Gak Cuma Spek! Alasan Update 5 Tahun Kini Jadi ‘Hukum Wajib’ Smartphone

REKOMENDASI
ARTIKEL TERKAIT

Masih ingatkah Anda masa-masa ketika membeli ponsel pintar terasa jauh lebih sederhana? Anda membeli perangkat, menikmatinya selama satu atau dua tahun, lalu perlahan performanya menurun dan pembaruan sistem operasi berhenti datang. Kala itu, kita mungkin hanya akan menggerutu sebentar sebelum akhirnya memutuskan untuk membeli perangkat baru. Siklus ini dianggap wajar, dan dukungan perangkat lunak jangka panjang sering kali hanya menjadi catatan kaki yang terlupakan dalam spesifikasi teknis.

Namun, lanskap teknologi di tahun 2026 telah berubah drastis. Perangkat keras smartphone kini telah mencapai tingkat kematangan dan durabilitas yang luar biasa, bahkan untuk kategori kelas menengah sekalipun. Ponsel tidak lagi “rusak” atau “lemot” hanya dalam waktu dua tahun. Realitas baru ini membuat konsumen, termasuk Anda, menjadi jauh lebih kritis. Kini, pertanyaan sebelum membeli ponsel bukan lagi sekadar “berapa megapiksel kameranya?”, melainkan “berapa lama ponsel ini akan tetap relevan?”.

Akibatnya, apa yang dulunya dianggap sebagai kemurahan hati produsen—seperti jaminan pembaruan lima tahun—kini mulai dibicarakan sebagai standar minimum, terutama untuk perangkat yang tidak murah. Pergeseran ini bukan sekadar tren sesaat, melainkan evolusi fundamental dalam cara kita memandang nilai sebuah smartphone. Pertanyaannya bukan lagi apakah jaminan update panjang itu penting, tetapi perusahaan mana yang benar-benar siap berkomitmen, bukan sekadar janji manis di atas kertas.
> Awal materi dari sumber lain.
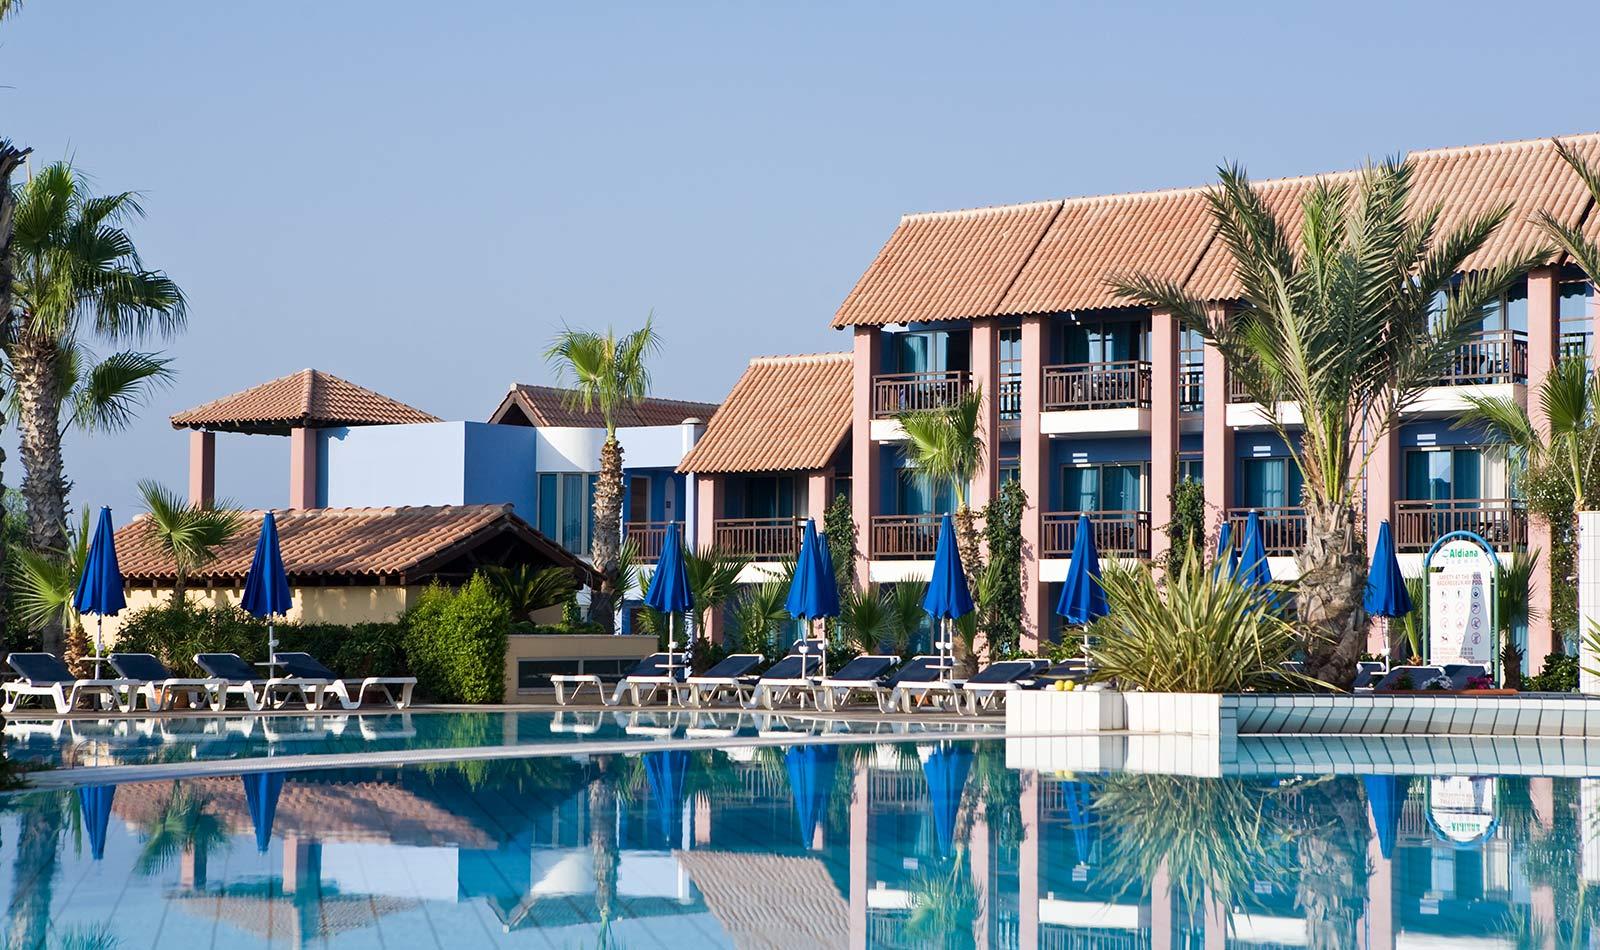 Aldiana Club Zypern - Zypern

Transformasi dari Gimik ke Kebutuhan Primer

Belum lama ini, ekosistem Android sering kali tertinggal dalam hal dukungan jangka panjang. Umumnya, pengguna hanya mendapatkan dua tahun pembaruan sistem operasi utama dan mungkin satu tahun tambahan untuk patch keamanan. Beberapa merek bahkan tidak memberikan janji yang jelas, memaksa pengguna bertaruh pada rekam jejak masa lalu agar model ponsel mereka tidak dilupakan begitu saja. Hal ini kontras dengan Apple yang sejak awal membangun reputasi lewat dukungan iOS lima tahun atau lebih, sebuah faktor “diam” yang membuat harga jual kembali iPhone tetap tinggi.
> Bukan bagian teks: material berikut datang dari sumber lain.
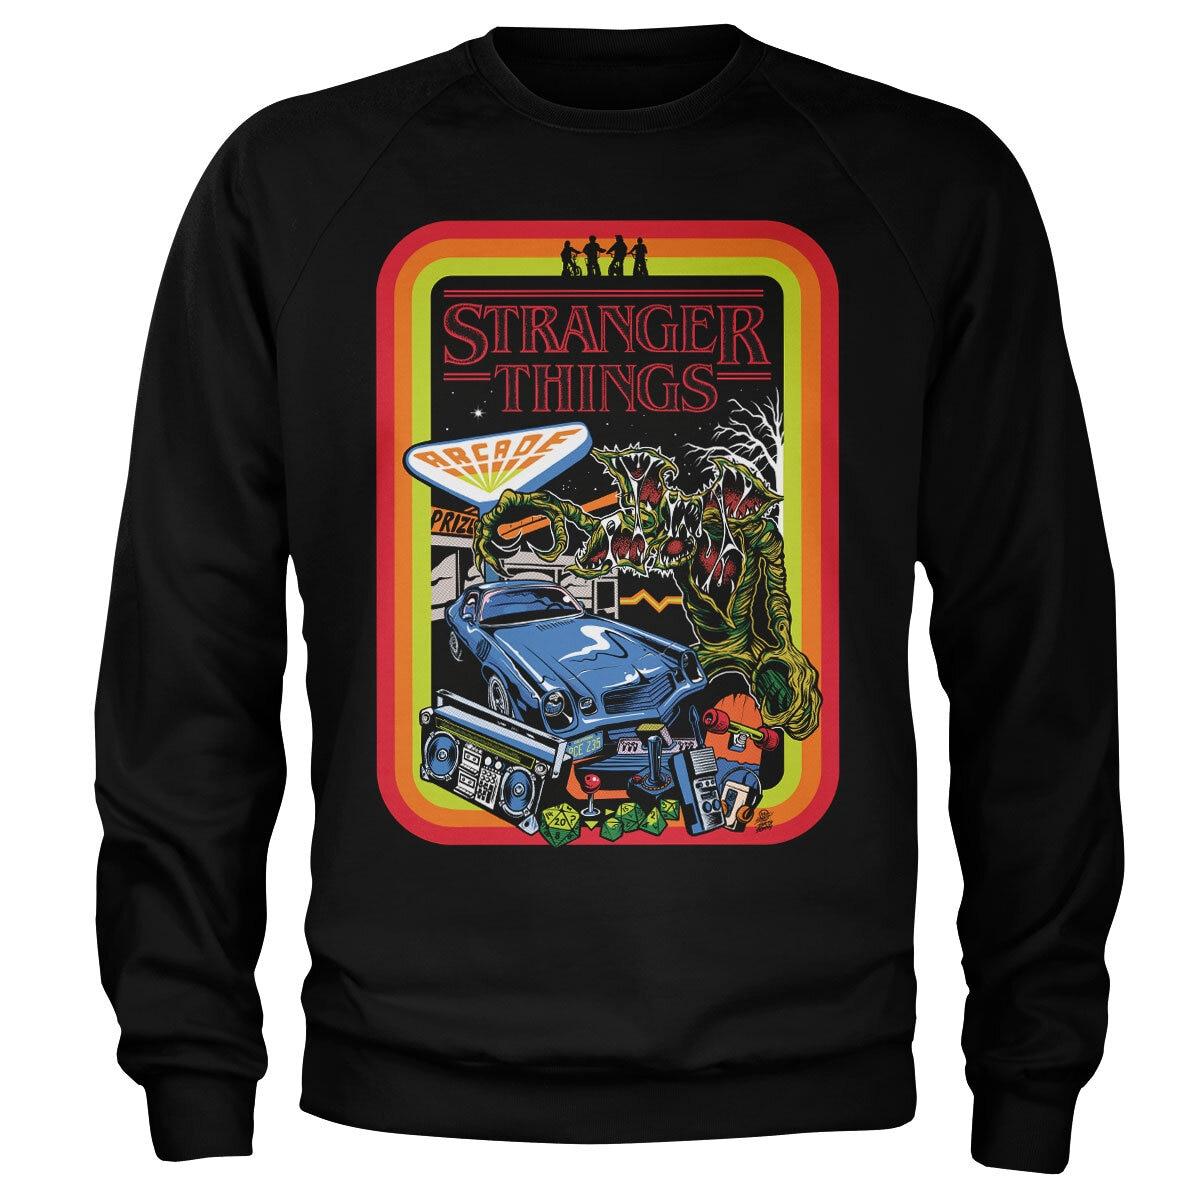 Stranger Things Retro Poster Sweatshirt

Kini, narasi tersebut telah bergeser total. Janji pembaruan perangkat lunak telah menjadi bagian utama dari materi promosi peluncuran ponsel baru. Mengapa durasi update tiba-tiba menjadi begitu krusial? Alasan utamanya adalah harga. Ponsel telah menaiki tangga harga di mana pengguna kini mengharapkan pengalaman premium yang sepadan dengan uang yang mereka keluarkan. Selain itu, siklus penggantian ponsel semakin panjang. Banyak orang kini mempertahankan ponsel yang sama selama empat atau lima tahun, membuat dukungan software pendek menjadi masalah besar.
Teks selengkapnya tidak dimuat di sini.